American baseball player & coach (born 1969)

Mark Arthur Strittmatter (born April 4, 1969) is an American professional baseball catcher and coach who currently serves as the bullpen coach for the Chicago Cubs of Major League Baseball (MLB). He played in MLB for the Colorado Rockies for one season in 1998.

==College==
Strittmatter played college baseball at the County College of Morris in Randolph, New Jersey, for two years before transferring to Virginia Commonwealth University (VCU), where he helped lead the VCU Rams to the Metro Conference championship in 1992.

==Playing career==
The Colorado Rockies selected Strittmatter in the 1992 MLB draft. He made his professional debut that year with the Bend Rockies. Strittmatter spent most of his playing career in the minor leagues (1992–2000).

The Rockies promoted Strittmatter to the major leagues to make his debut on September 3, 1998, when Jeff Reed was injured. He was in the major leagues for 27 days and went hitless in four total at bats in four games.

In August 2000, the Rockies traded Strittmatter to the San Diego Padres for a player to be named later. He played for the Padres organization in 2000 before retiring.

==Coaching career==
Strittmatter served as the Rockies' bullpen catcher from 2003 to 2010. He joined the Pittsburgh Pirates as a coach in 2011.

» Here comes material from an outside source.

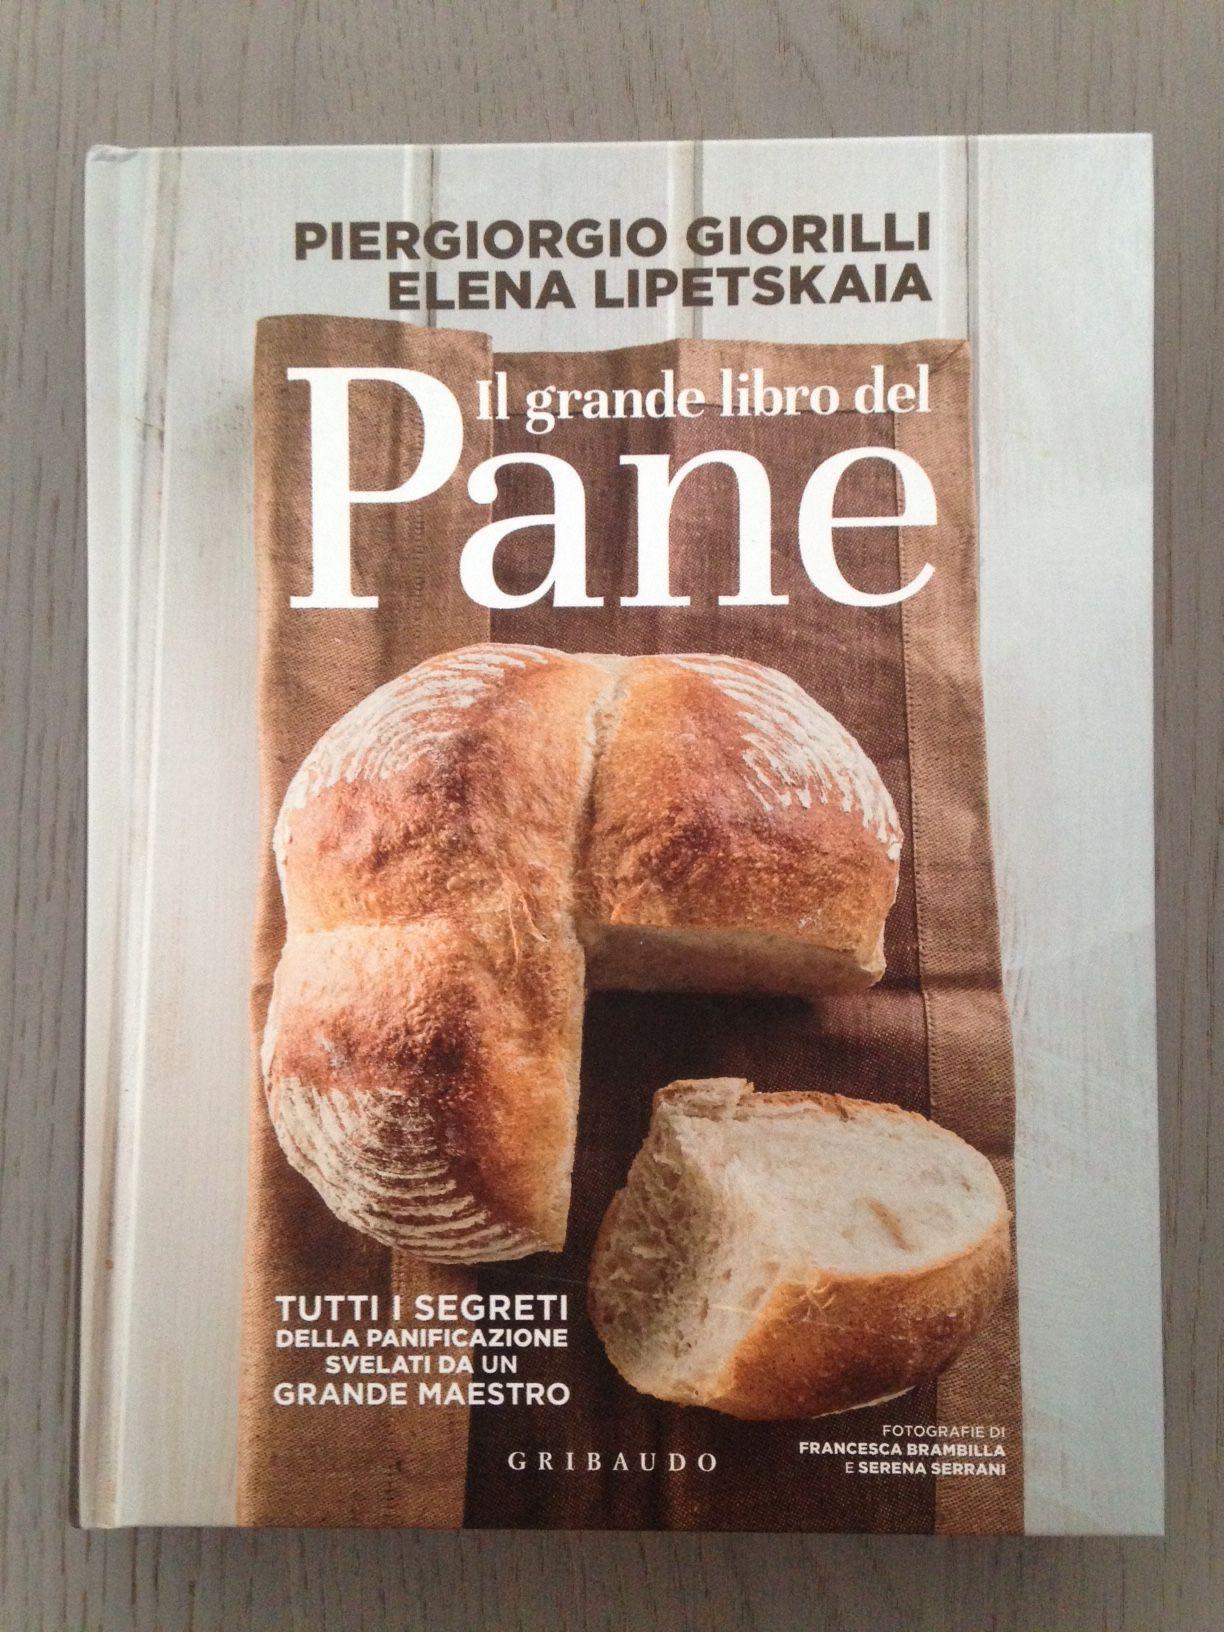 I Segreti Del Pane il grande libro del pane, by piergiorgio giorilli and elena

The Chicago Cubs hired Strittmatter as their catching coach before the 2024 season. On December 13, 2024, Strittmatter was named the bullpen coach for Chicago.

==Personal life==
Strittmatter and his wife, Katie, have two children, son Sean and daughter Emily. Katie has Parkinson's disease. He helps out with youth baseball players as a part of his foundation for youth.